Today my worry came to a head. After several days of not feeling the side ache pain that I had been having, I woke up this morning feeling it stronger than ever. When I pushed around on my abdomen it felt very tender. I called my
OB's office and left a message for the nurse. It took her a bit to call me back and I started to worry she might not call until the end of the day. I made the girls some lunch and just waited. All the while analyzing every possible thing that could be causing my side cramp. Before I could think of anything too terrible the phone rang and I had an appointment at 1pm. It was 12:15.
I hurried the girls through their lunch and whisked them off to my Mom's house. Luckily we live in a small town and I was there on time no problem. I filled out the standard stack of new paperwork and waited in the lobby for what seemed like forever. By the time they called me back into the exam room I was feeling nervous. I kept second guessing myself. I wondered if maybe I
should've just waited. Bottom line, I didn't want to hear any bad news.
The second my Doctor came in I felt at ease. He was so friendly and upbeat. He assured me he would do an ultrasound. The second the screen came on it was clear that everything was okay with the baby. I could see the sac right away. He zoomed in and at 6 weeks 1 day the little heart was beating fast and strong. He found the baby no problem right in the uterus where he/she should be. Whew. The relief brought tears to my eyes. It turns out I have a very small cyst on my ovary. Nothing to worry about at all. I never claimed to have a high tolerance for pain.

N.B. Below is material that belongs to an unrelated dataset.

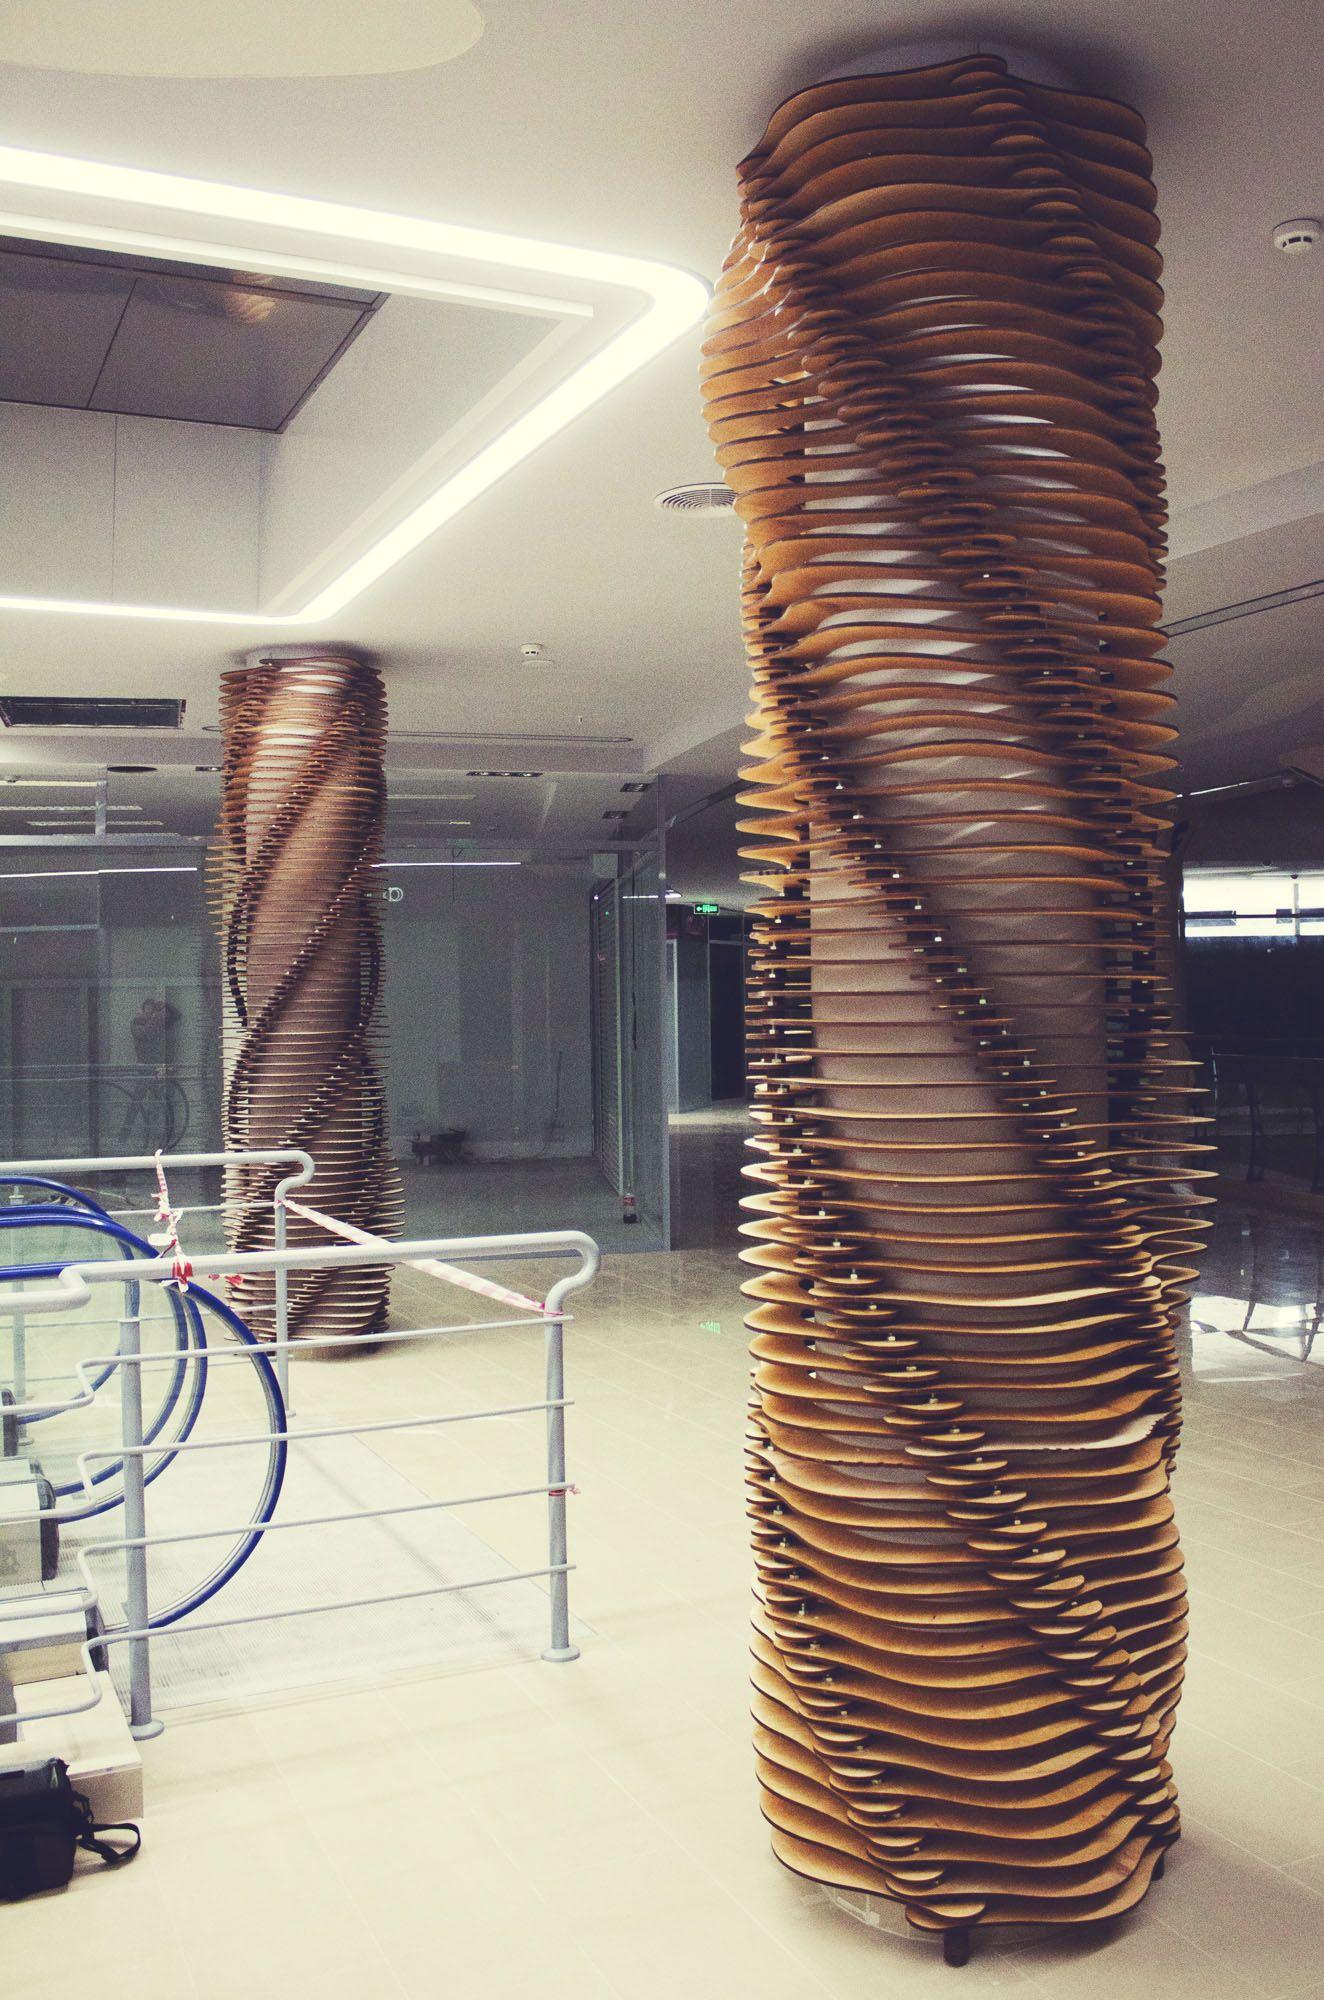 Column treatment design charrette image cards pillar - Decorative columns interior ideas ...
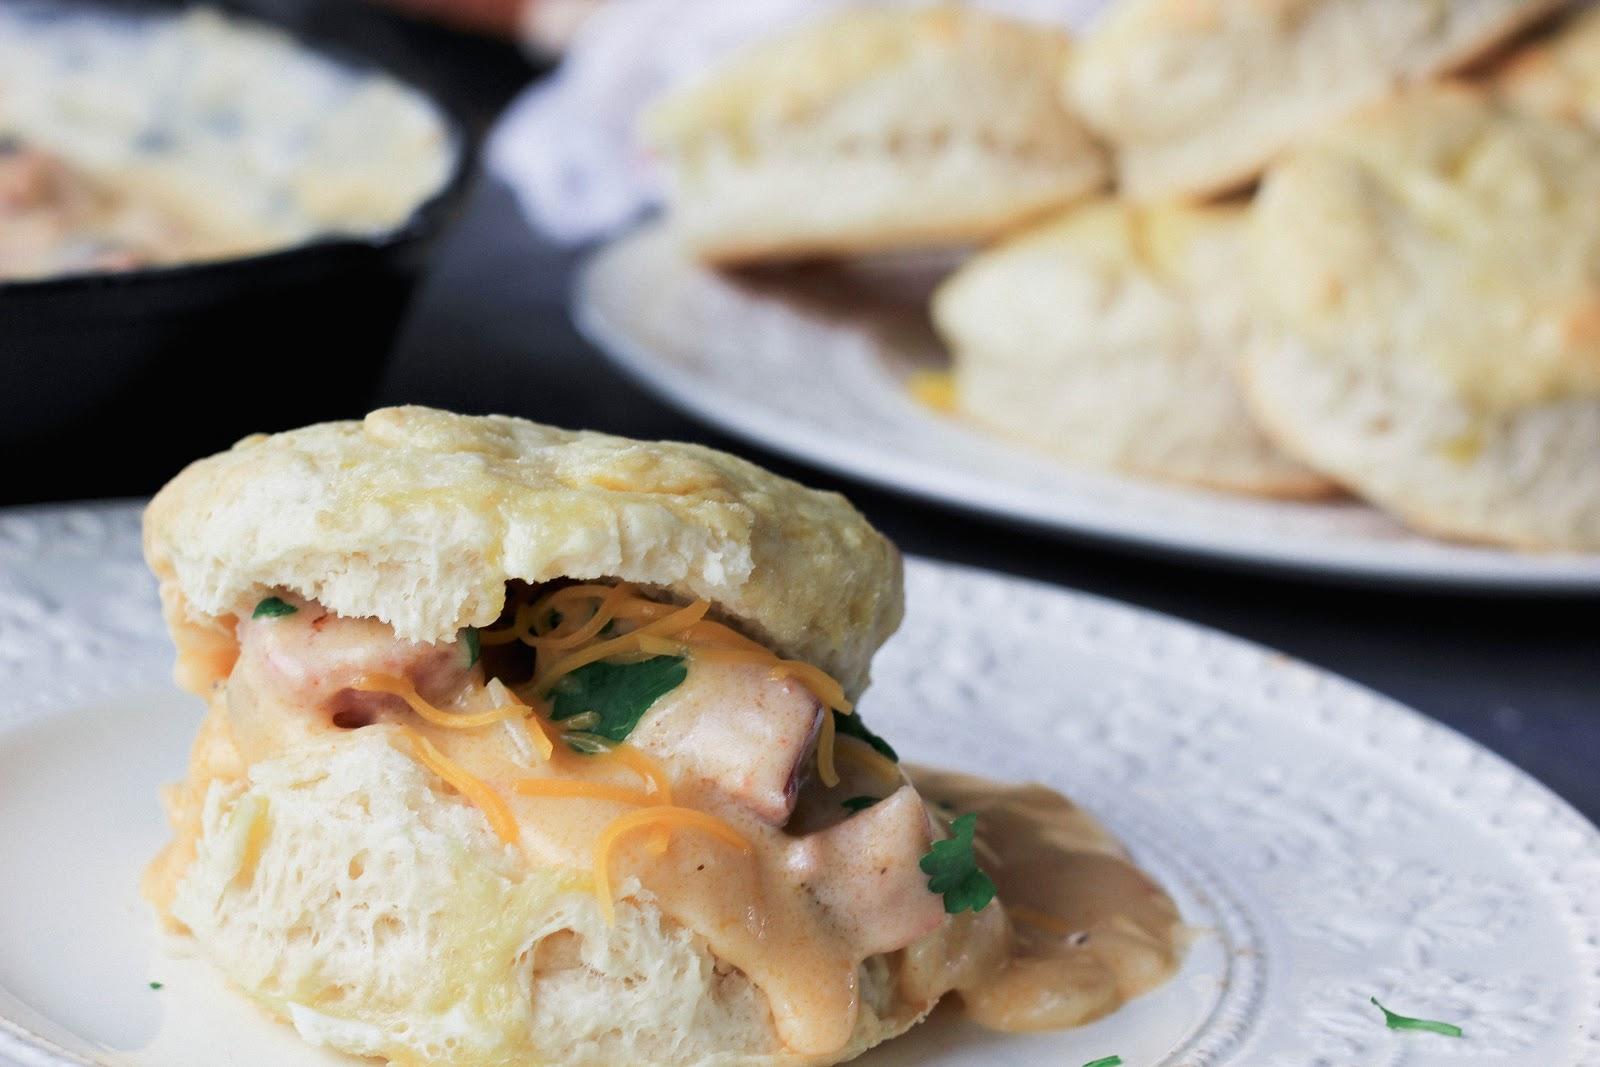 Southern Souffle: Buttermilk Biscuits & Cajun Sausage Gravy

Aside from the fact that I now know things are progressing, there is another reason that I am so glad I went today. My Doctor was concerned about my thyroid levels. The last time I had them checked was the beginning of the year and they were normal, but he still wanted them ran again. He said my goiter is "huge" and needs to be shrunk. I'm glad I had all my blood work done today vs. three weeks from now. I'll know the results in just a couple of days.
So, I left the office completely different then I arrived. Relaxed and with a picture of our new little Jelly Bean in hand. For some reason I can't scan it right, but you really can see the baby. The girls love it and I think it makes it that much more real to them. Me too.